When we moved into our house three years ago, there was no screen door. So, as soon as I got around to it, I had one installed. But it was really tight. It threatened to slam fingers or bottoms that didn’t clear it quickly enough as it shut. I thought we just had to live with it.
In parenting there seem to be so many things we have to do. So many rules to enforce. So many things to say, “no,” to. It often makes me hold so tight.
No, we can’t watch more than an hour of tv (even that is too much!!)!
No, dear three year old, you should put yourself to sleep.
No, sweet 10 month old, you shouldn’t need me 3-4 times at night.

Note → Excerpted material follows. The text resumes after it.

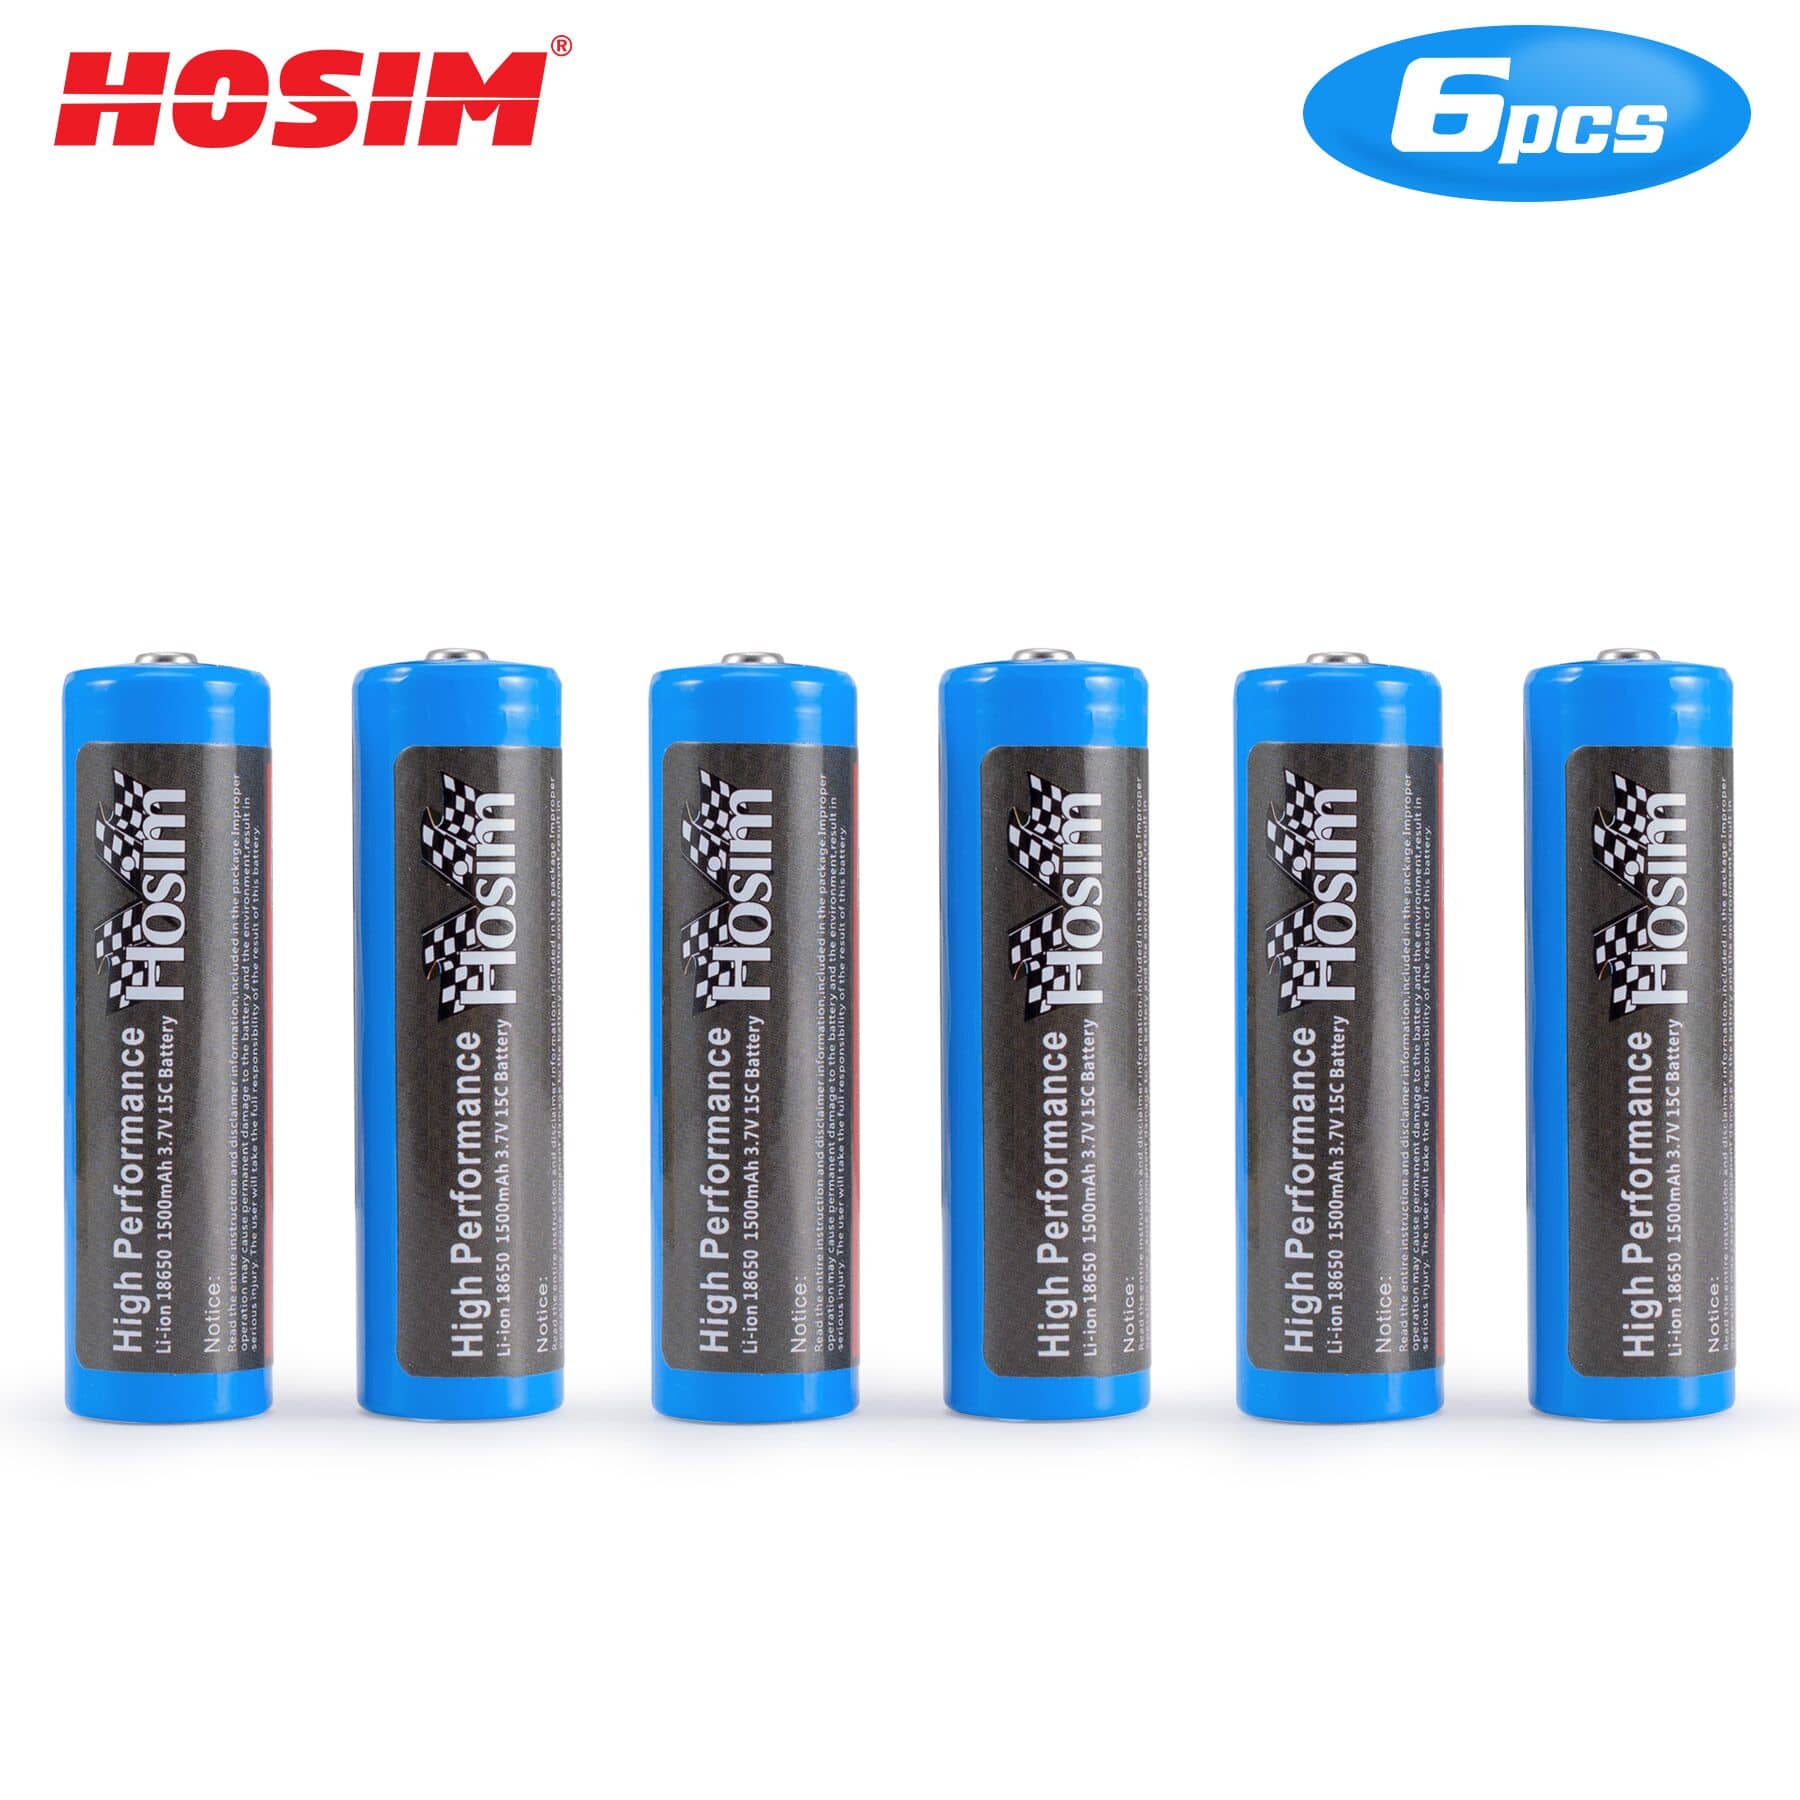 Hosim 6 Pack 3.7V 15C 1500mAh Li-ion RC Car Battery for G171 G172 G173 G174

We must have more veggies.
We need to play outside more.
And on, and on.
I put so much pressure on myself to do things “as they should be.” I hold so tight to the rules.
My neighbor came by. She is one of the most capable humans I know. She landscapes and woodworks and raises chickens and gardens with ease. She seems to parent with ease, too, though I’m not naive enough to think that parenting is easy for anyone. She offered to fix our screen door the other day.

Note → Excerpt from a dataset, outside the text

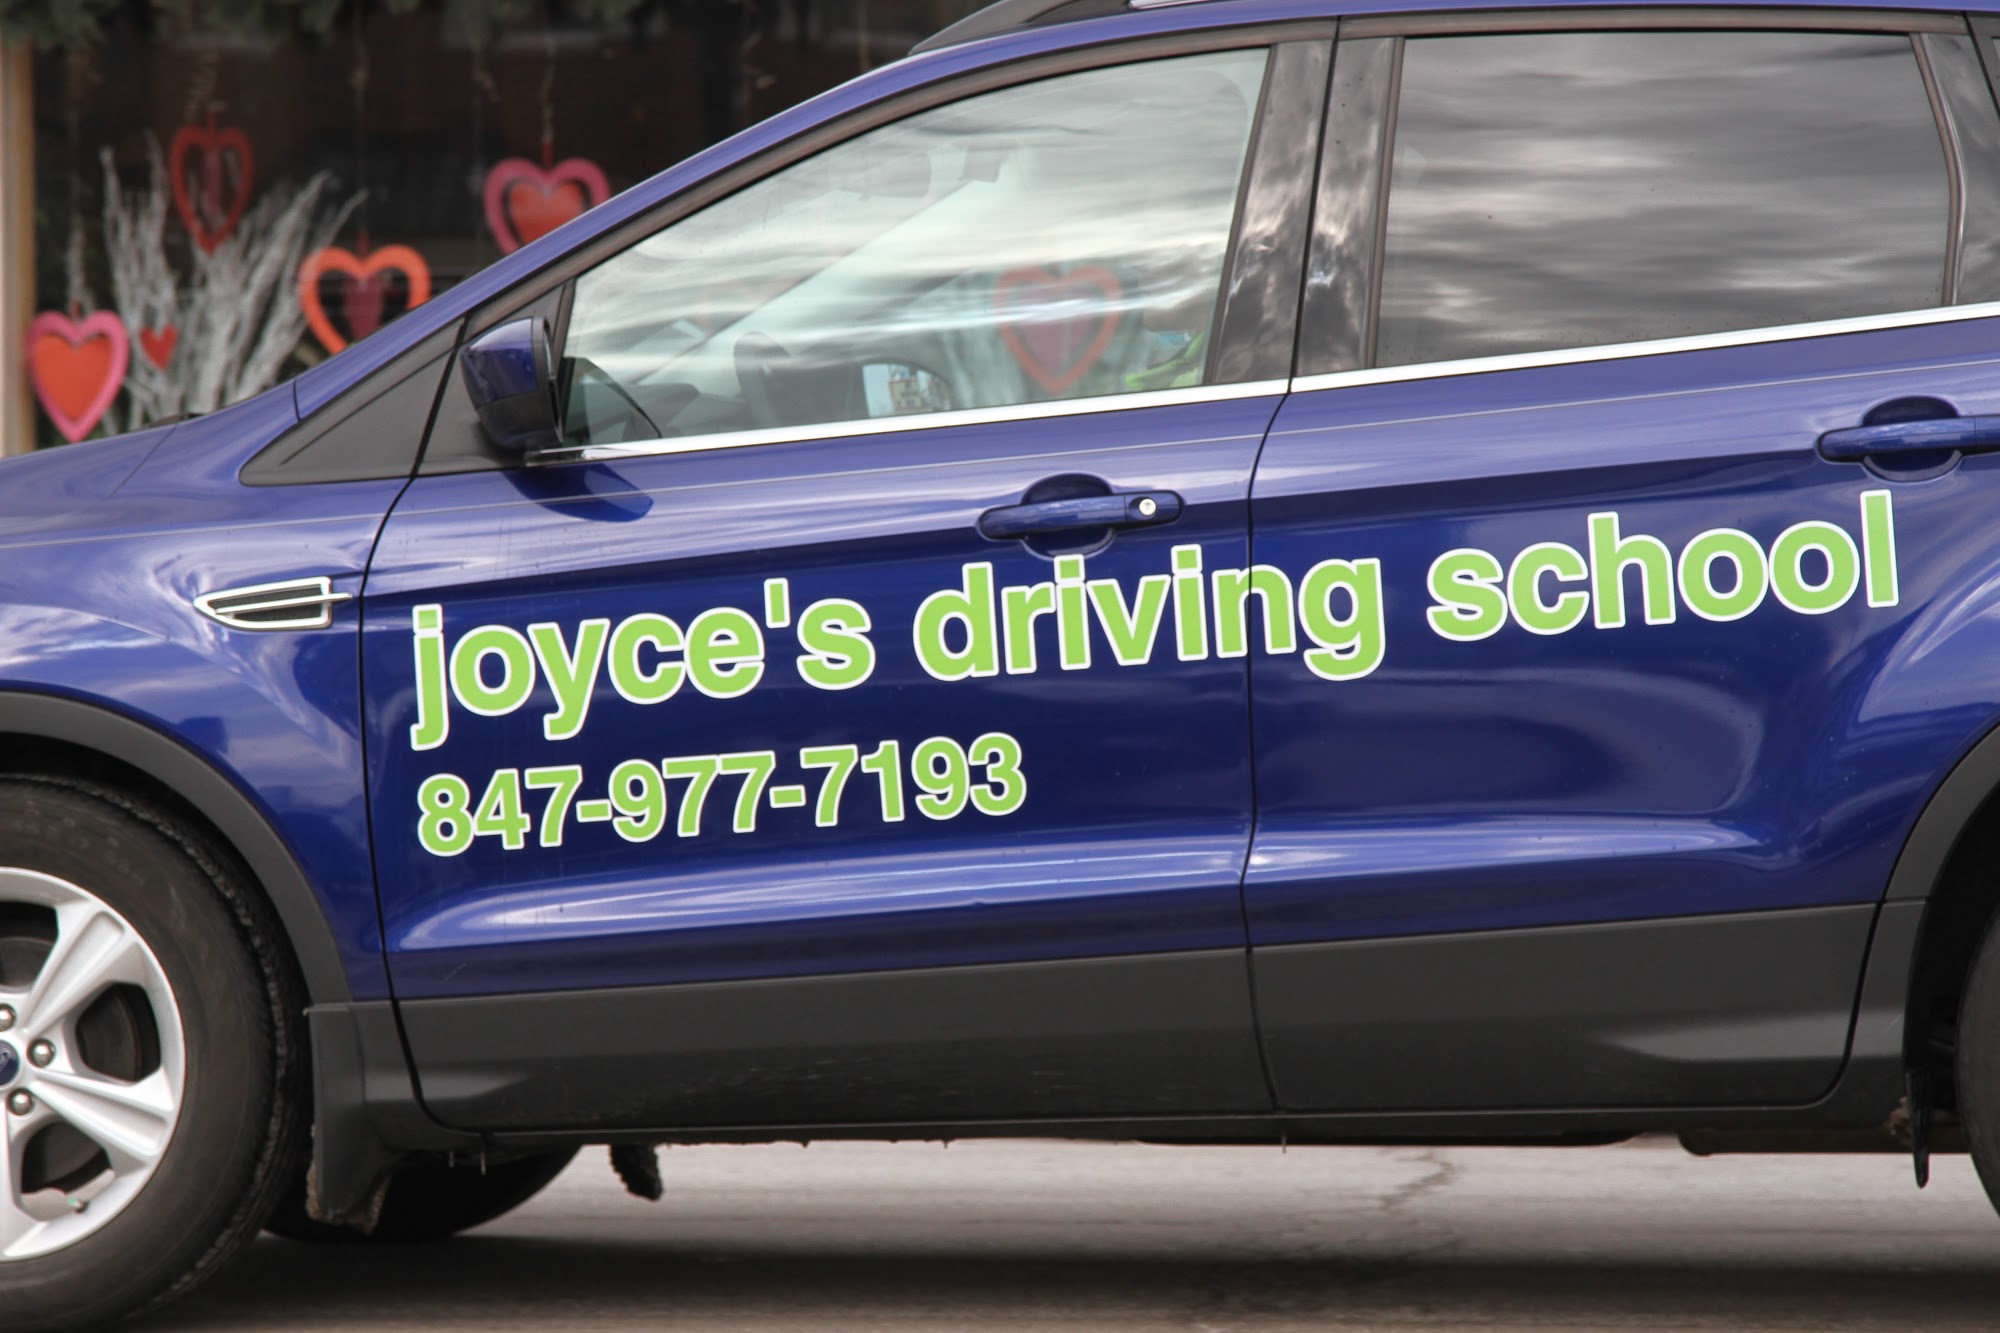 Joyce's Driving School

I’ve been looking for a fix for the holding tight in my parenting life. I realized I can’t change my babes. The three year wants me to be next to her as she falls asleep. The 10 month old will wake up as often as she pleases thankyouverymuch.

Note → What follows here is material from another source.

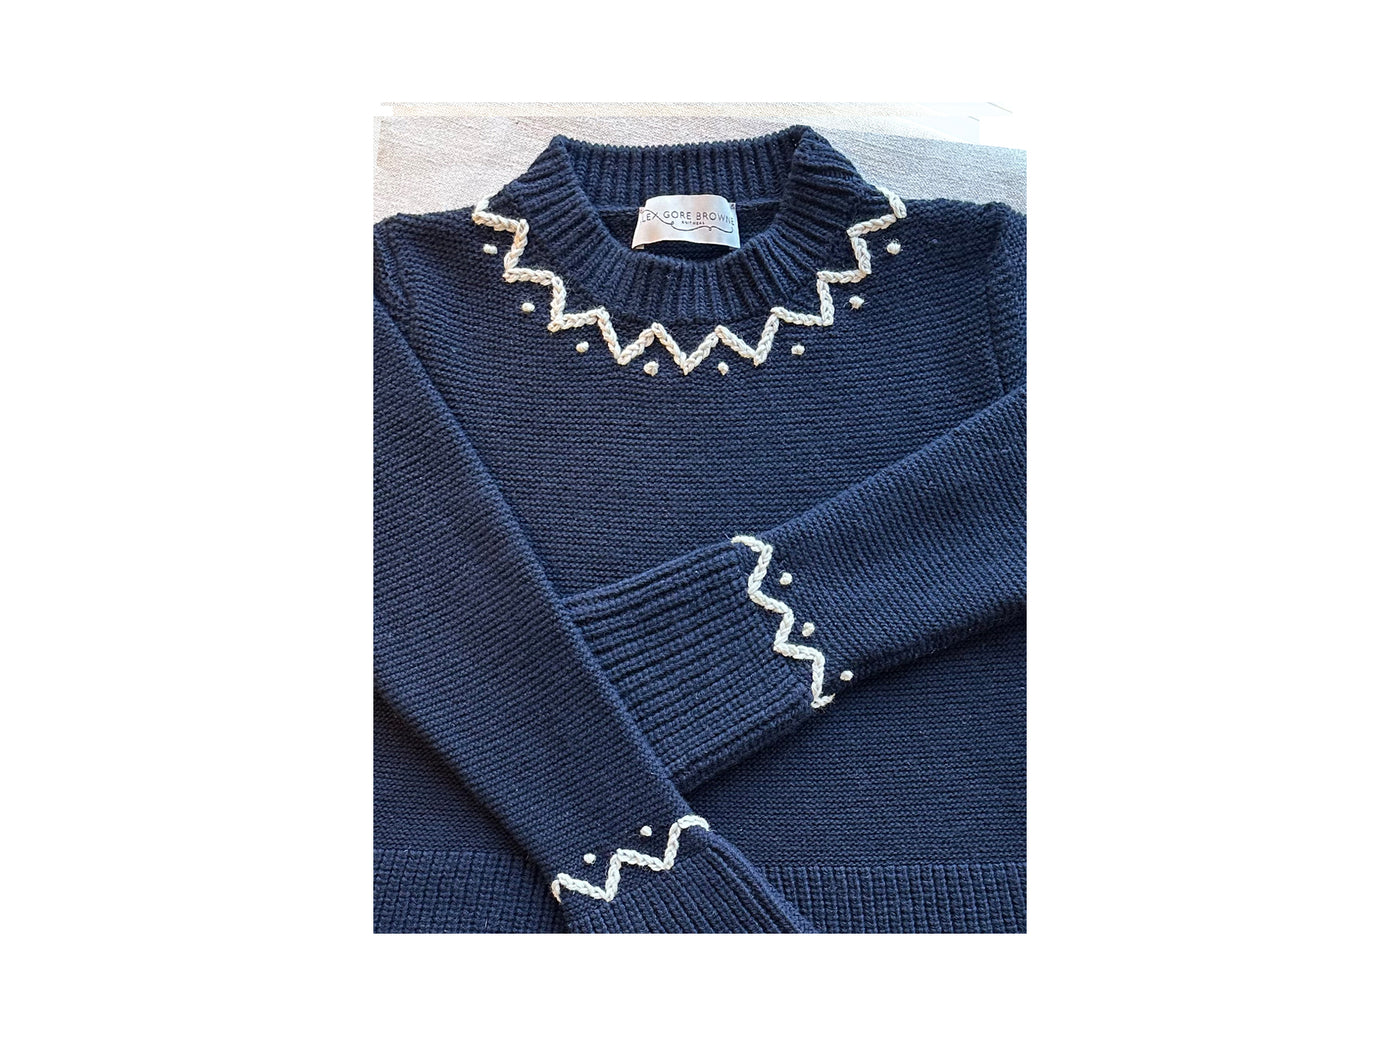 Teddy Sweater with Chunky Chain Stitch Neckline - Navy

But I’ve found some kind of magic space lately, some release. I’m leaning into the things my children want. I’m releasing my tight hold. Taking slow, deep breathes. Enjoying the close snuggle of children as they pass from wakefulness to sleep. Recognizing the temporary beauty of this time. Just letting it be what it is.
My neighbor came over with a phillips head screw driver and after no more than 8 minutes, she loosened our screen door. It swings slowly now, let’s you get by with a little more space, without so much stress and hurry.
It’s what I’m feeling in parenting lately, too. A little more space. A tiny bit less stress and hurry.